Andra e Tatiana Bucci, di 4 e 6 anni al momento della deportazione ad Auschwitz,
vennero scambiate per gemelle dal dottor Mengele: si salvarono quindi da morte certa
venendo destinate al kinderblock in modo da essere studiate dal sadico scienziato.
Possiamo dire che, nonostante le atrocità delle quali entrambe sono state testimoni, la loro
storia possa vantare un lieto fine: al termine del conflitto le sorelline riuscirono a ritrovare
i propri genitori, sebbene nel frattempo avessero addirittura dimenticato l'italiano.

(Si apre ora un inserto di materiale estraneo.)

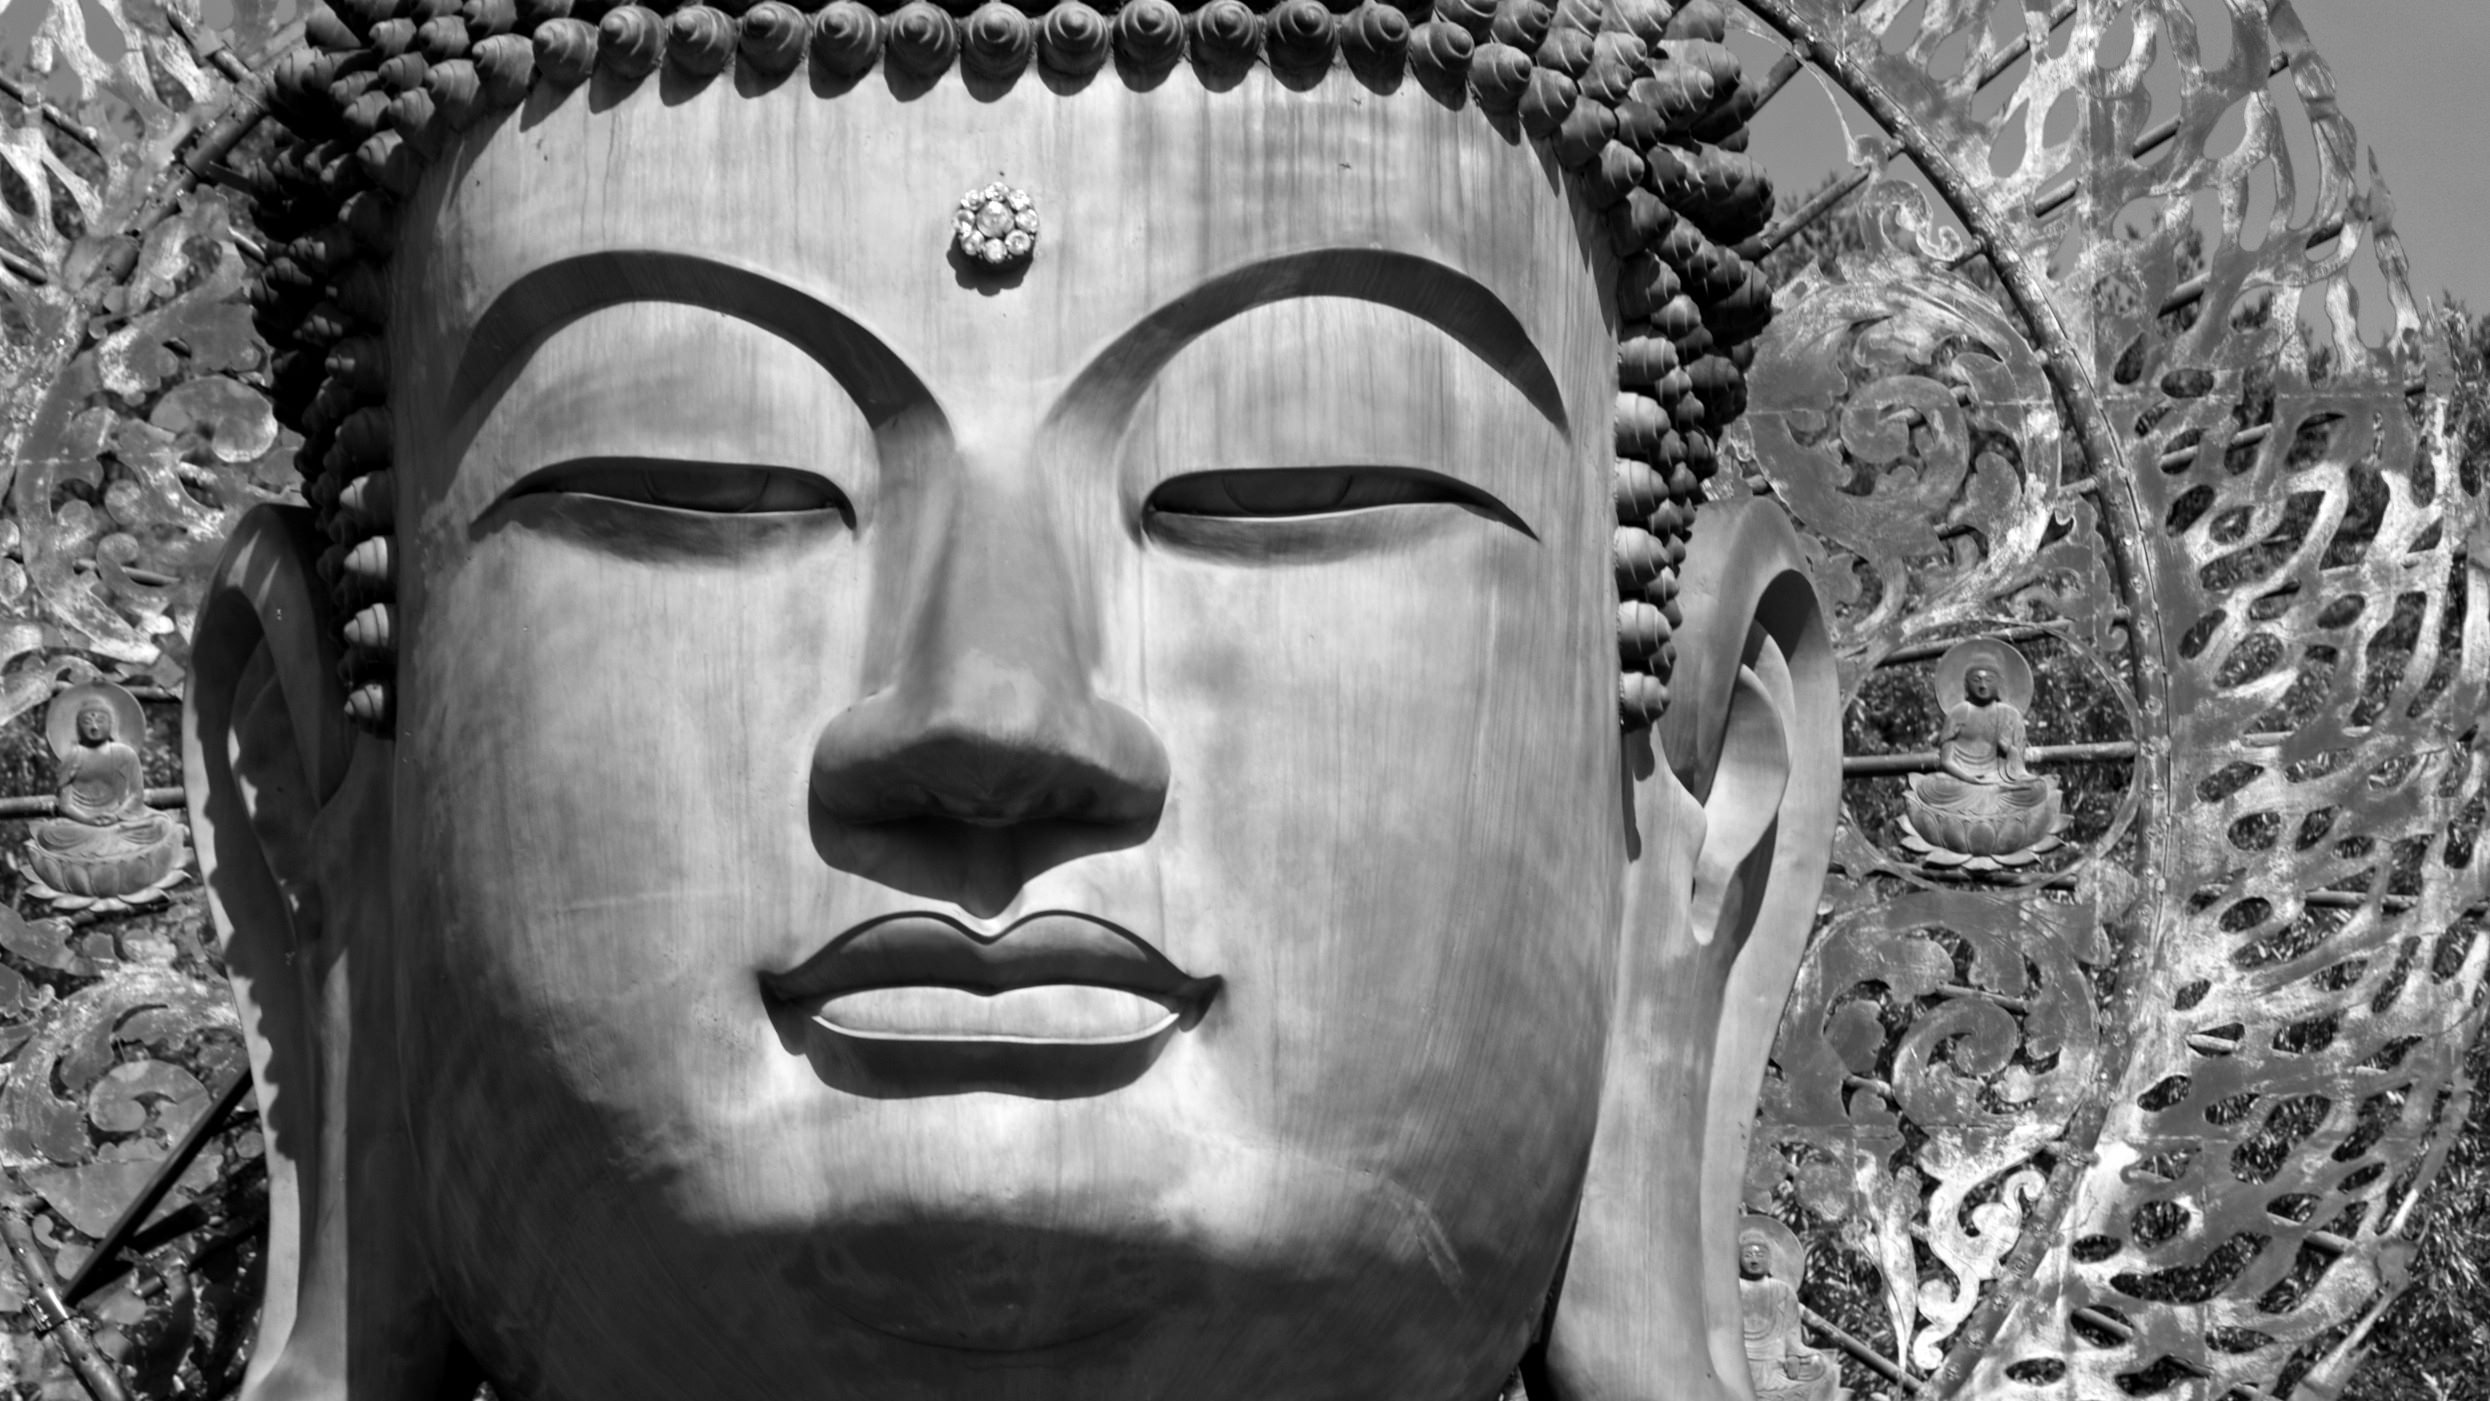 Расы для будды. Будда Шакьямуни голова. Сиддхартха Гаутама. Будда в нирване. Нирвана буддизм.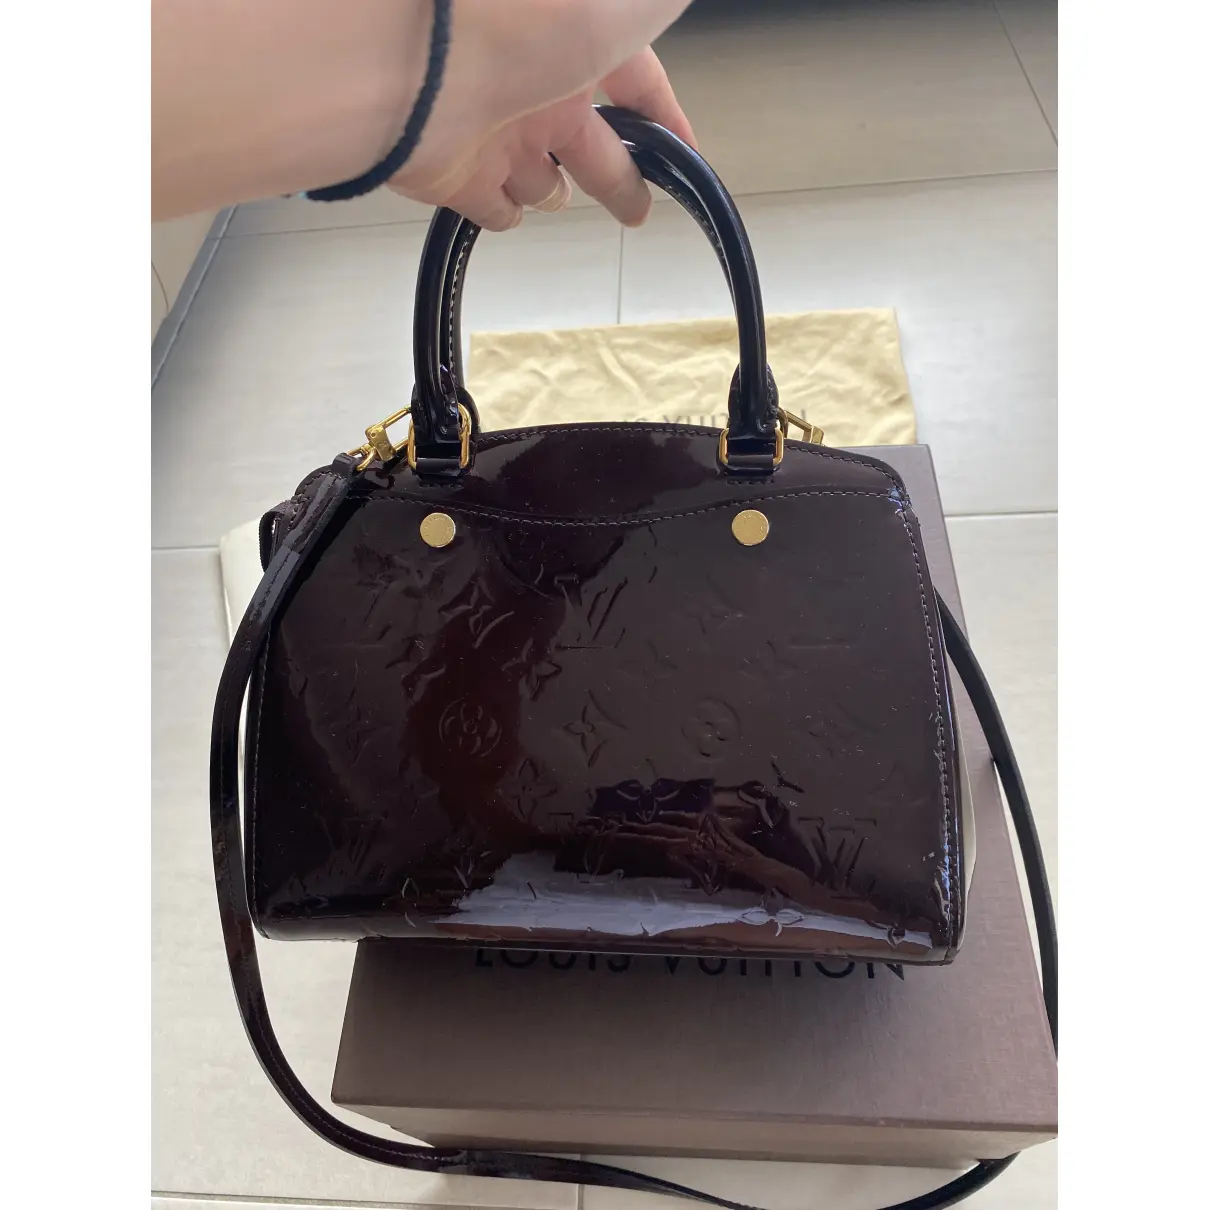 Buy Louis Vuitton Brera patent leather crossbody bag online

A queste drammatiche testimonianze è seguito il saluto di Bernard Dika, presidente del
Parlamento Regionale degli Studenti. Il ragazzo ha ricordato l'eccidio avvenuto nella
sua cittadina, Larciano, il 23 agosto 1944: profondamente commosso nel raccontare delle
190 vittime innocenti, egli ha poi parlato dell'importanza di porre fine ad ogni
discriminazione, ribadendo il proprio orgoglio per le sue origini albanesi.
I Giovani dell'Accademia del Maggio si sono poi esibiti con Kaddish di Maurice Ravel: le
note del pianoforte hanno accompagnato la recitazione della preghiera ebraica dallo
stesso nome. Piano piano, più e più ragazzi hanno iniziato ad accendere il flash del
proprio smartphone: al termine dell'esecuzione, il Forum era illuminato da piccole luci
danzanti, una grande costellazione commossa e partecipe.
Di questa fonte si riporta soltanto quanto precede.